Of this season’s four semifinalists, Denver was the most mom-and-pop shop of them all. Four of the Nuggets’ six minutes leaders have played for Denver and nobody else in their careers. Denver was young, too: 21 players suited up for them last season and only one, Paul Millsap, was over 30. But while people talk about future deep playoff runs as an inevitability, the Nuggets are no longer just hunters, but the hunted, and in New Orleans, a deep and even younger team could be ready to bust loose.
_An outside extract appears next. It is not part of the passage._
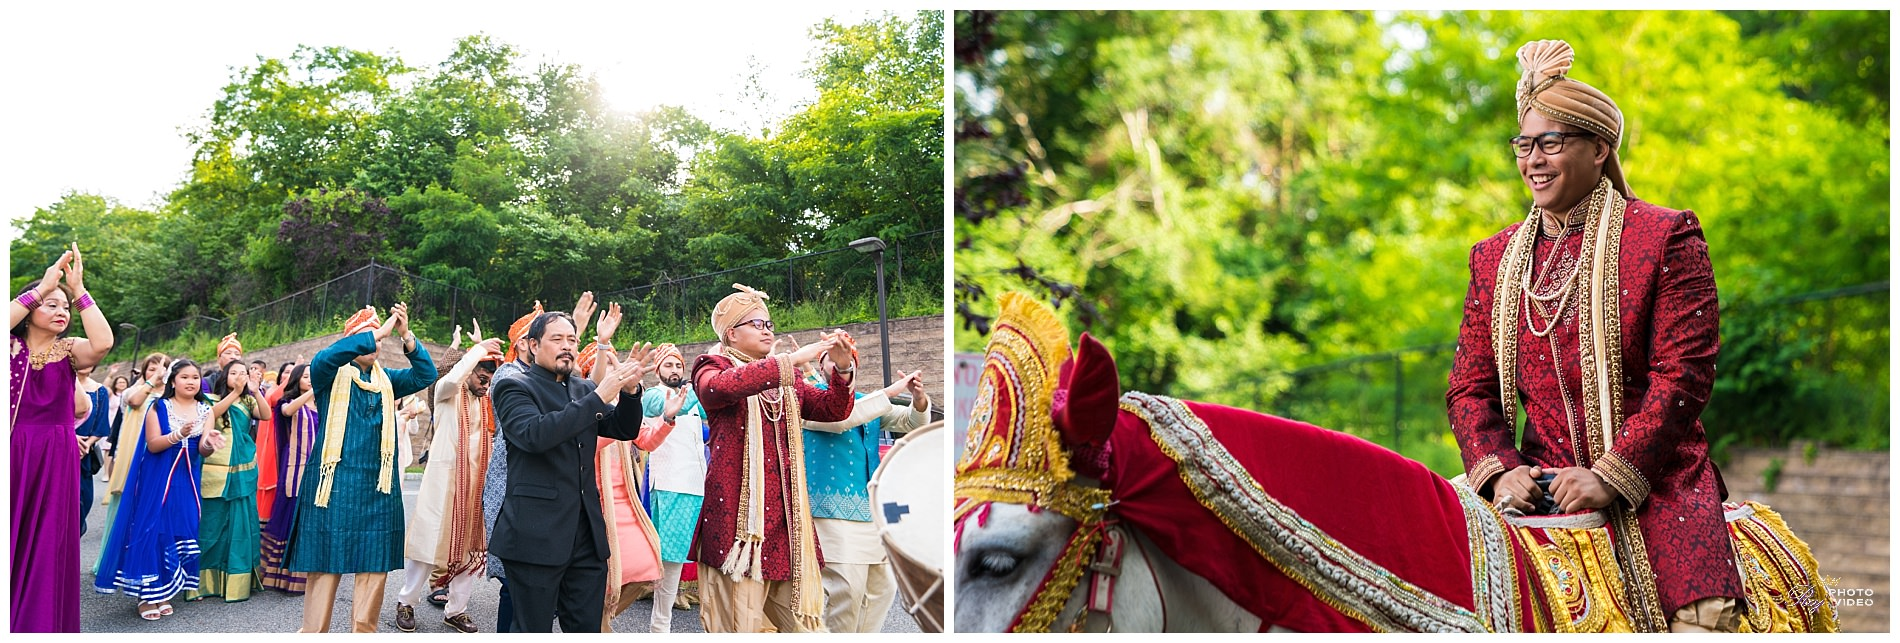 Aashirwad-Palace-Randolph-NJ-Hindu-Wedding-Ceremony-Khusbu-Jeff-4.jpg
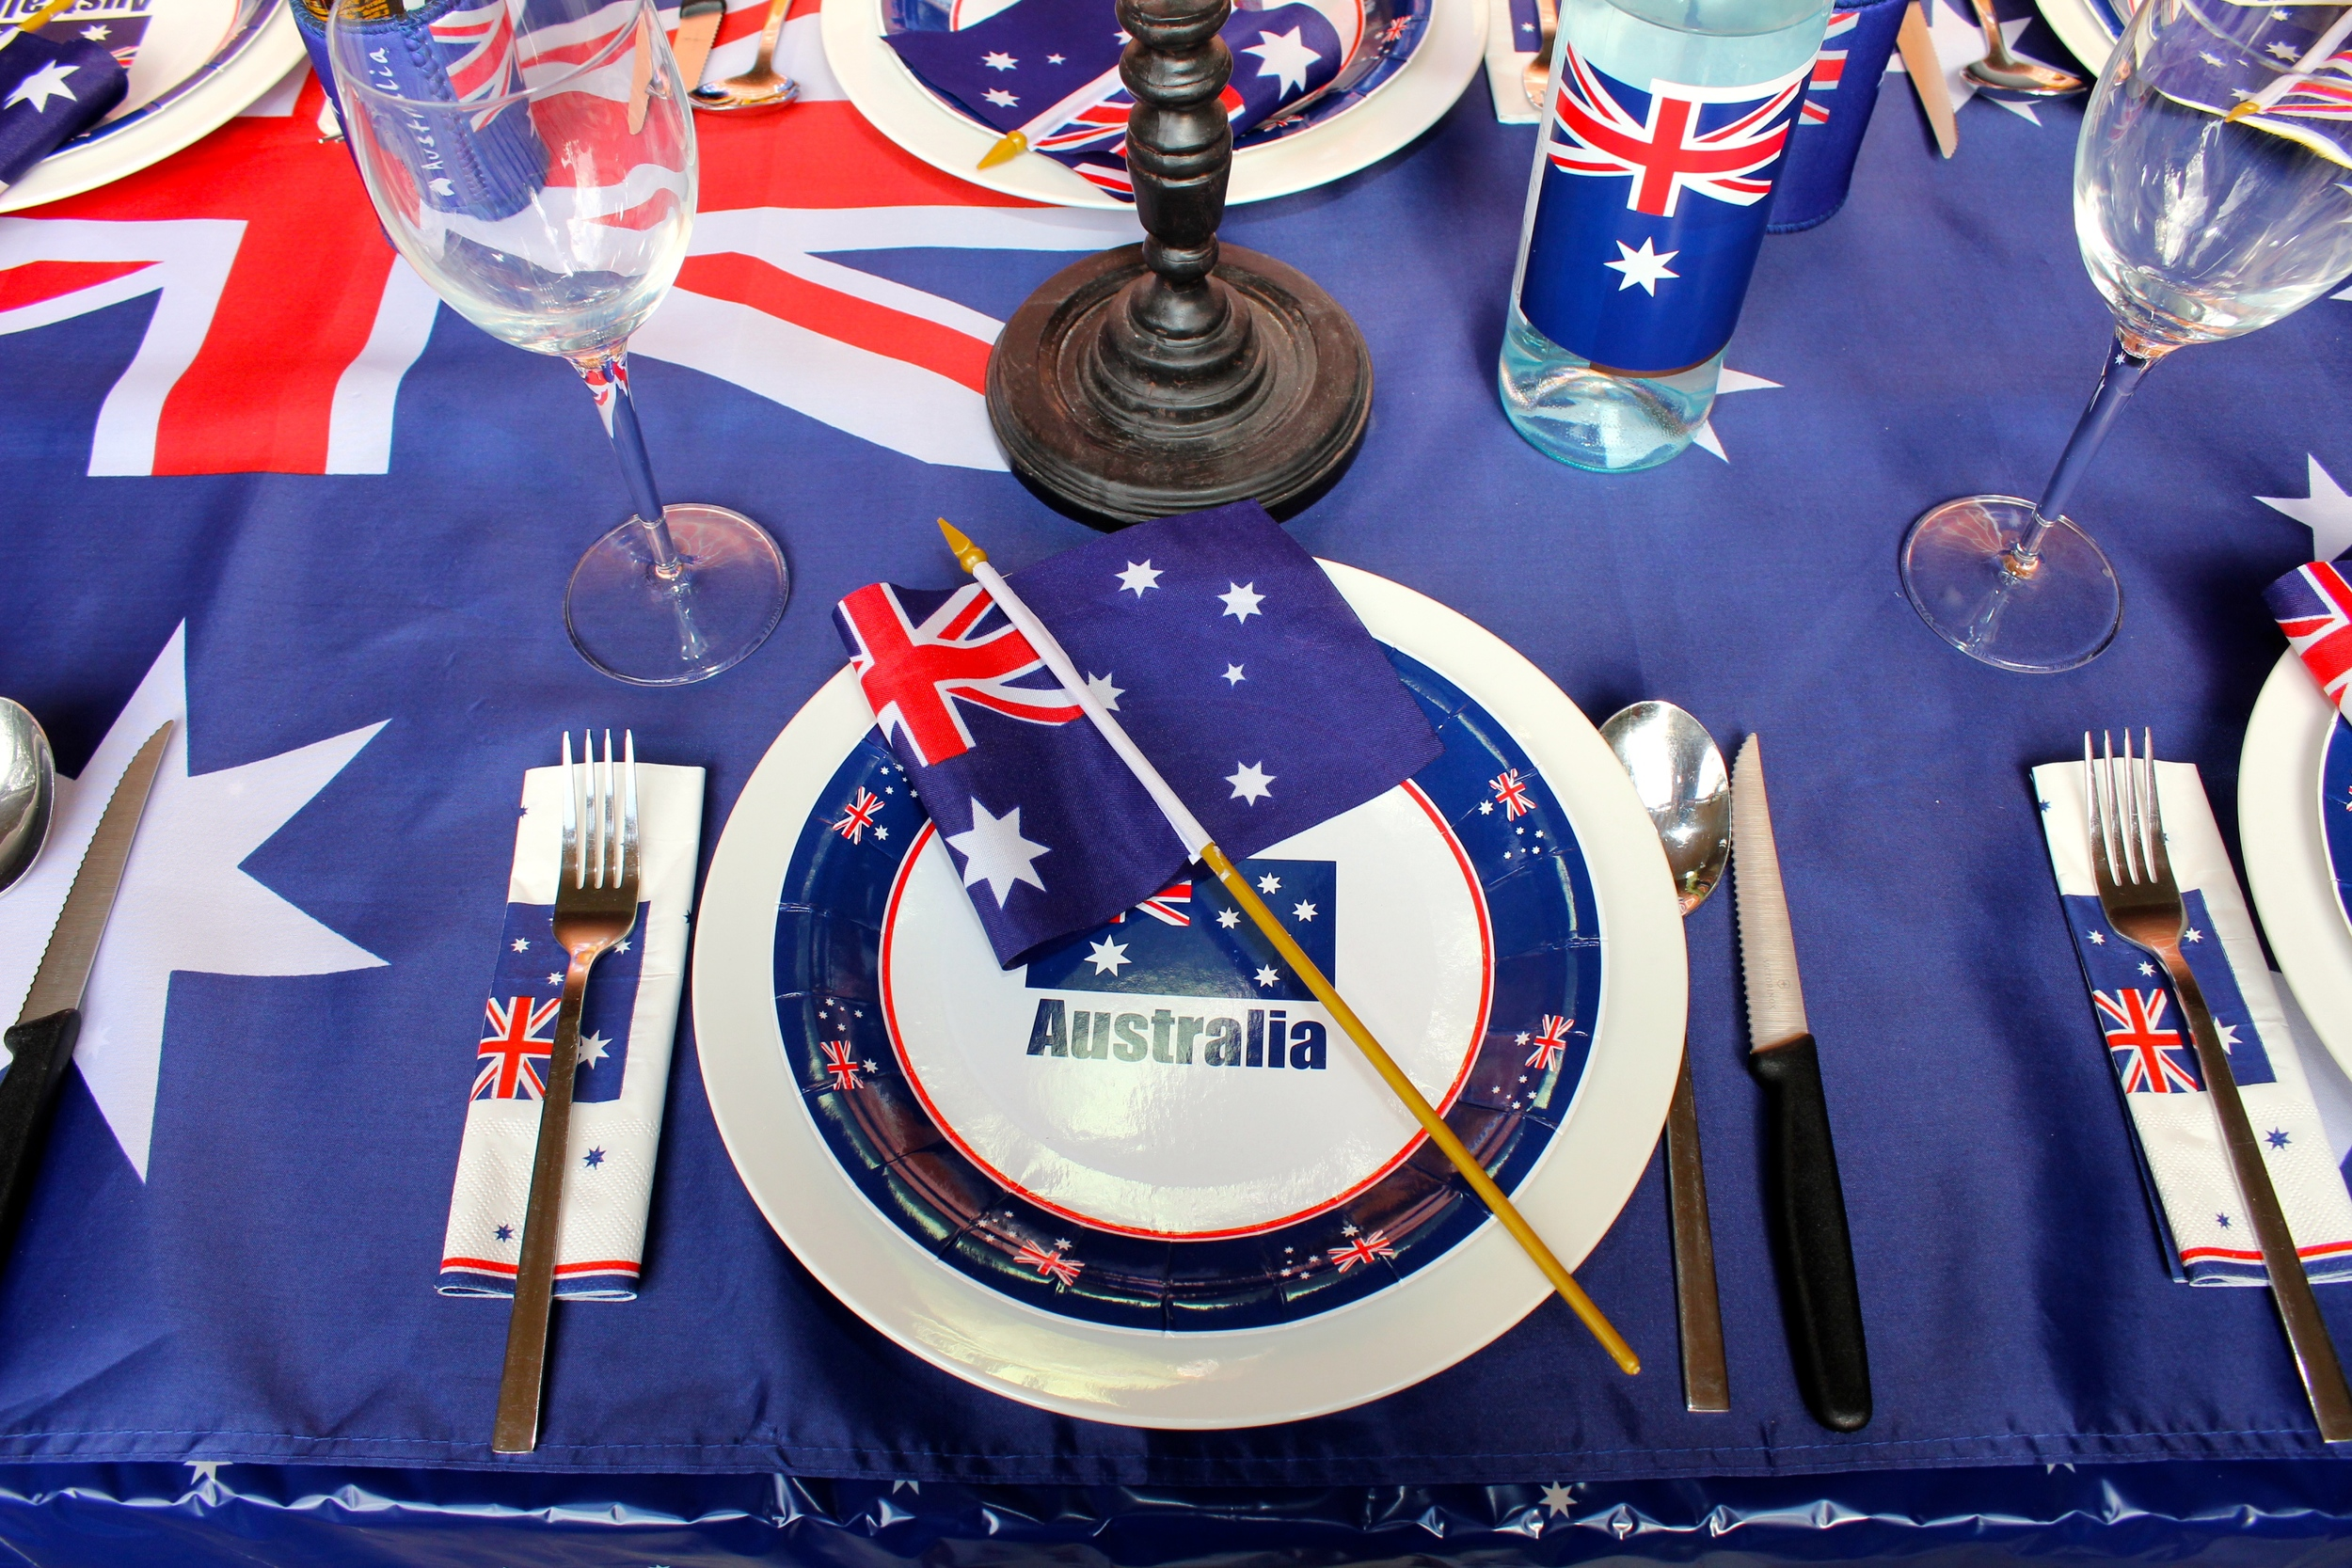 Australia Day Place Settings

The Pelicans are absolutely stacked with top-shelf young talent in Zion Williamson, Brandon Ingram and Jaxson Hayes, along with intriguing secondary pieces like Lonzo Ball and Josh Hart. They also have two-way terror Jrue Holiday, who at 29 is the team’s biggest trade chip entering an offseason where no big free-agent signings are likely. What could they get for a player almost every good team would be thrilled to add, especially when almost every good team won’t have money to sign anyone of consequence?
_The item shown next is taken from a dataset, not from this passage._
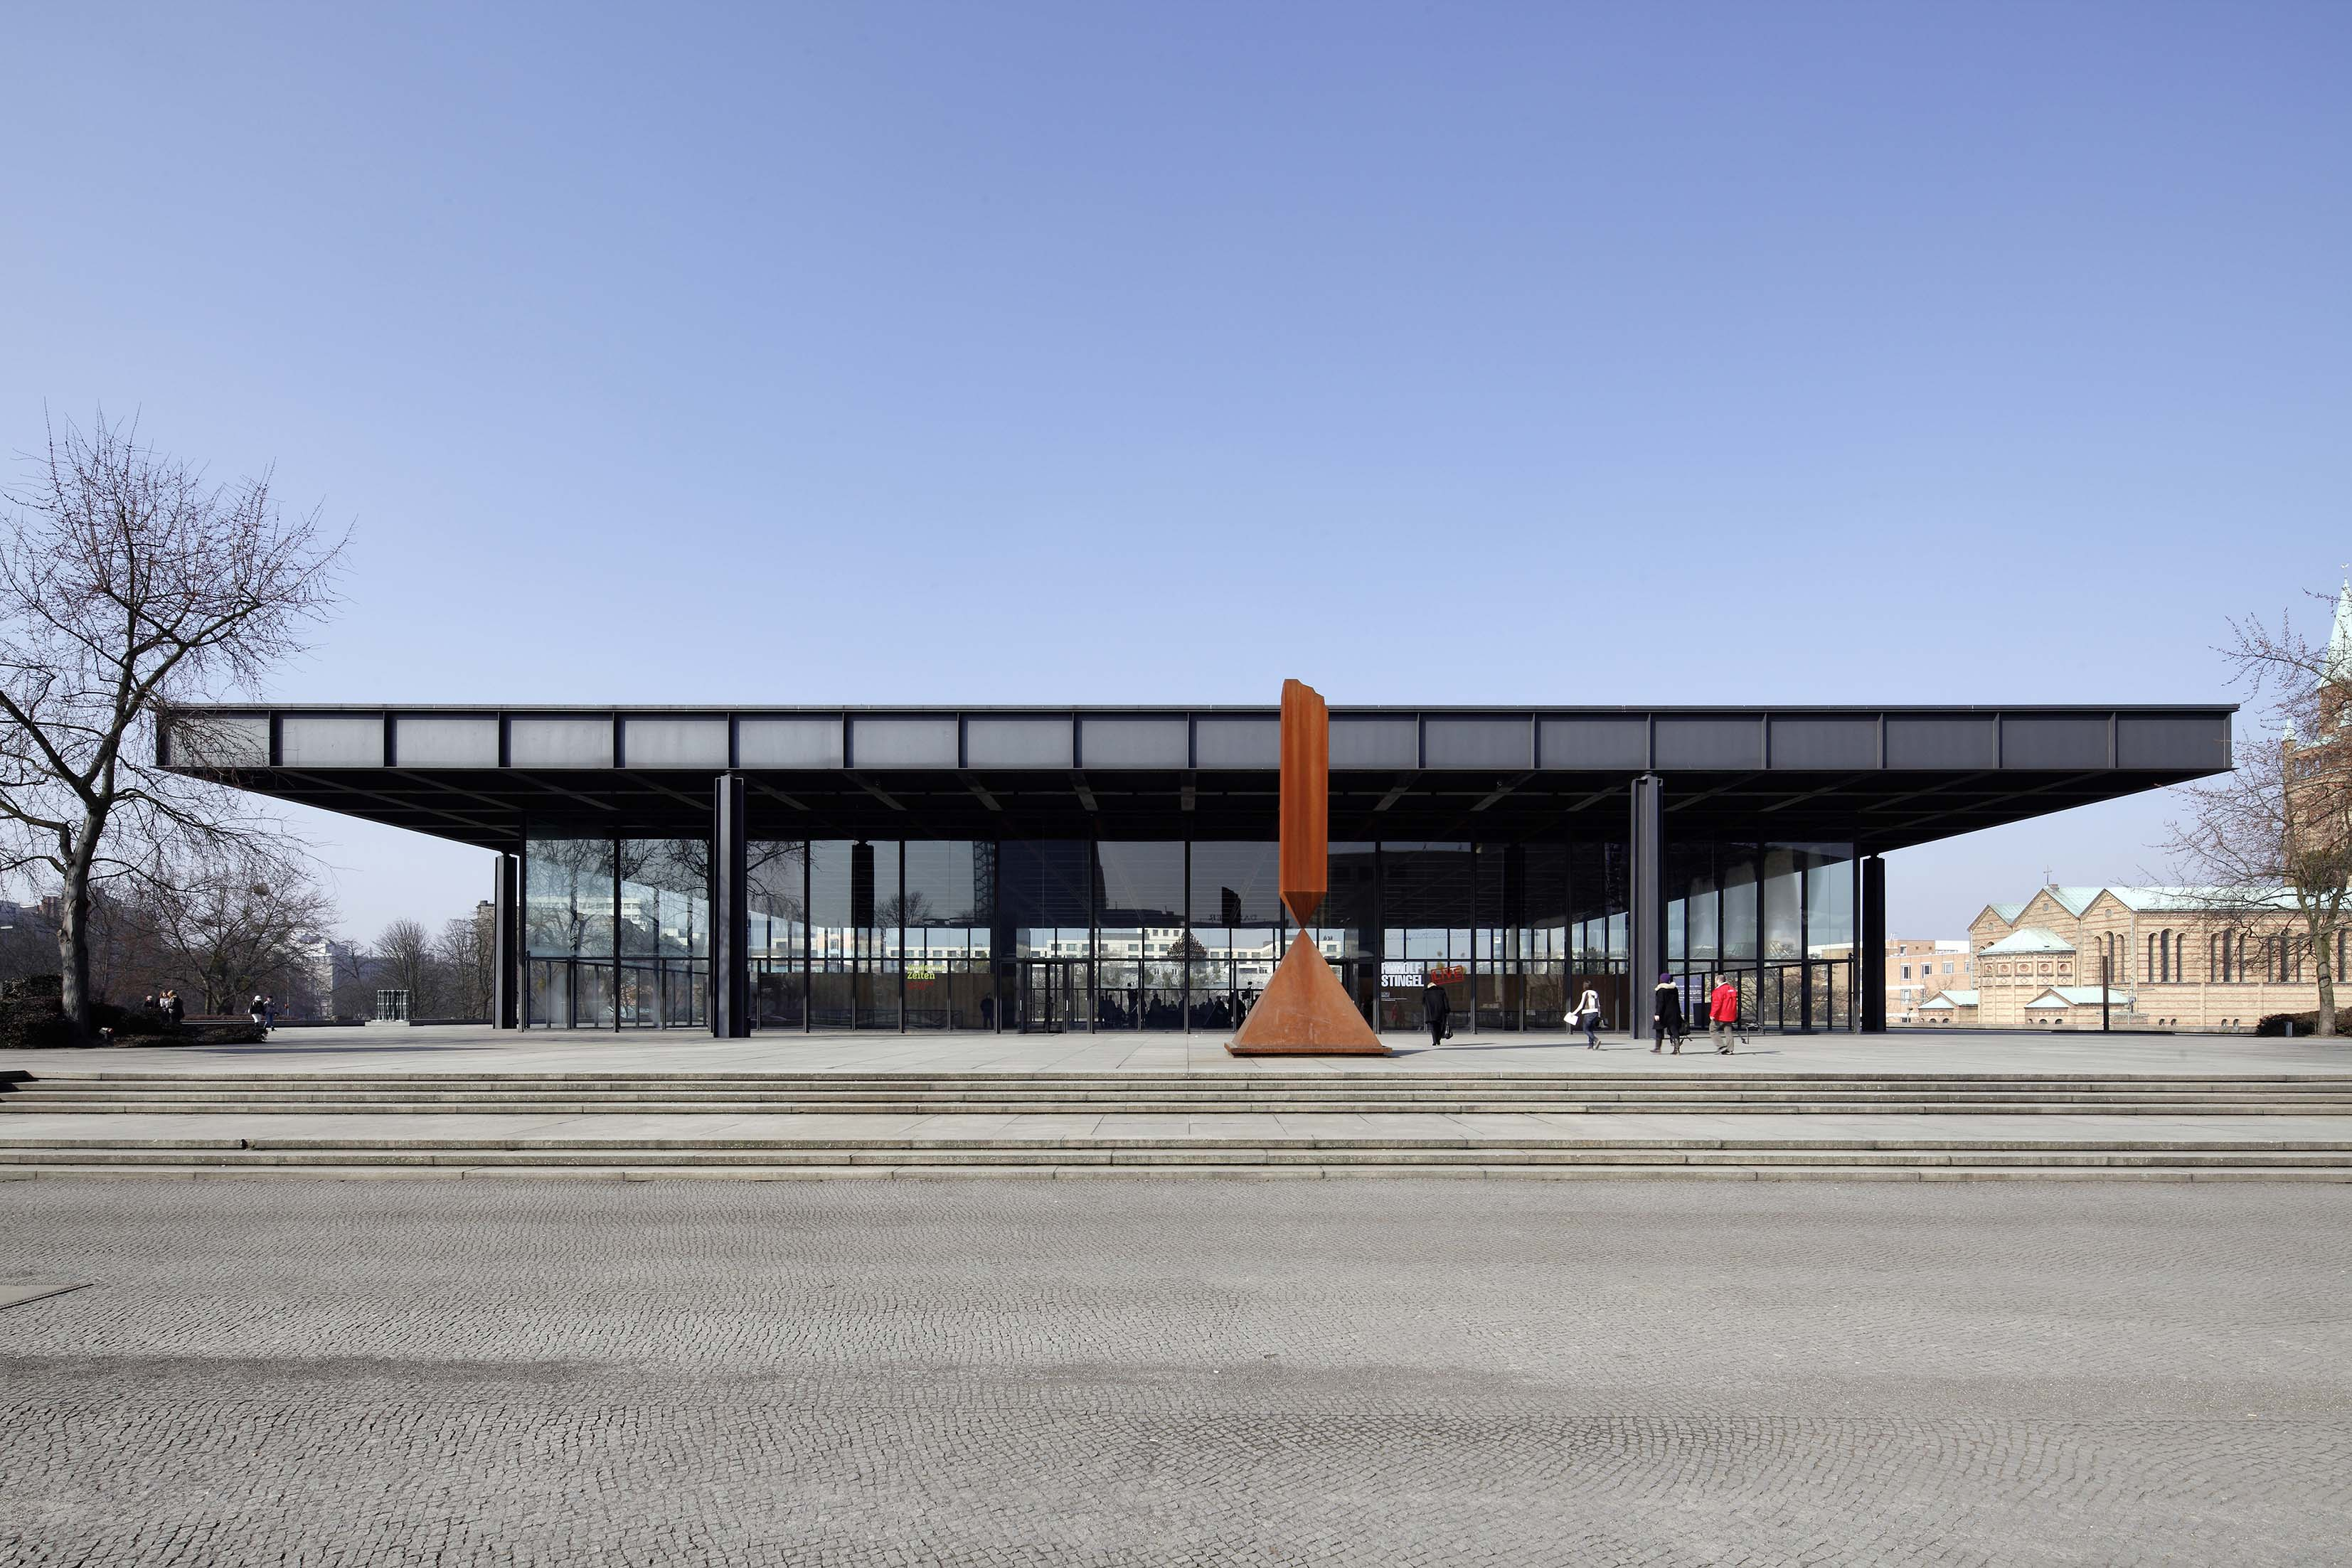 Neue Nationalgalerie © Staatliche Museen zu Berlin / Maximilian Meisse

New Orleans owns four draft picks, including No. 13. Do they look for a likely sure-thing role player and keep plugging along, or swing for the fences with the best player available? As young as the Pels are, that shiny new league darlings vibe never lasts long. Pressure is always nearer than you think. Anyone who’s ever had no money and then come into some knows: your problems don’t go away; they just change. The West could be tougher next year, with Golden State resurrected plus Phoenix and Minnesota likely improved. Can New Orleans make the playoffs? Who’ll lead the charge? Stan Van Gundy? Jason Kidd? Will it even matter if Zion misses significant time with injuries?

Past results never ensure future outcomes. While this year’s top teams were light years away from contending five years ago, the Knicks, the Hornets, the Pistons and the Kings were bad then and remain so. The turnarounds of the Lakers, Nuggets, Heat and Celtics remind us anything is possible. It’s up to the Hawks, Bulls, Spurs and Pelicans to catch the wave before it crashes and leaves them lost at sea.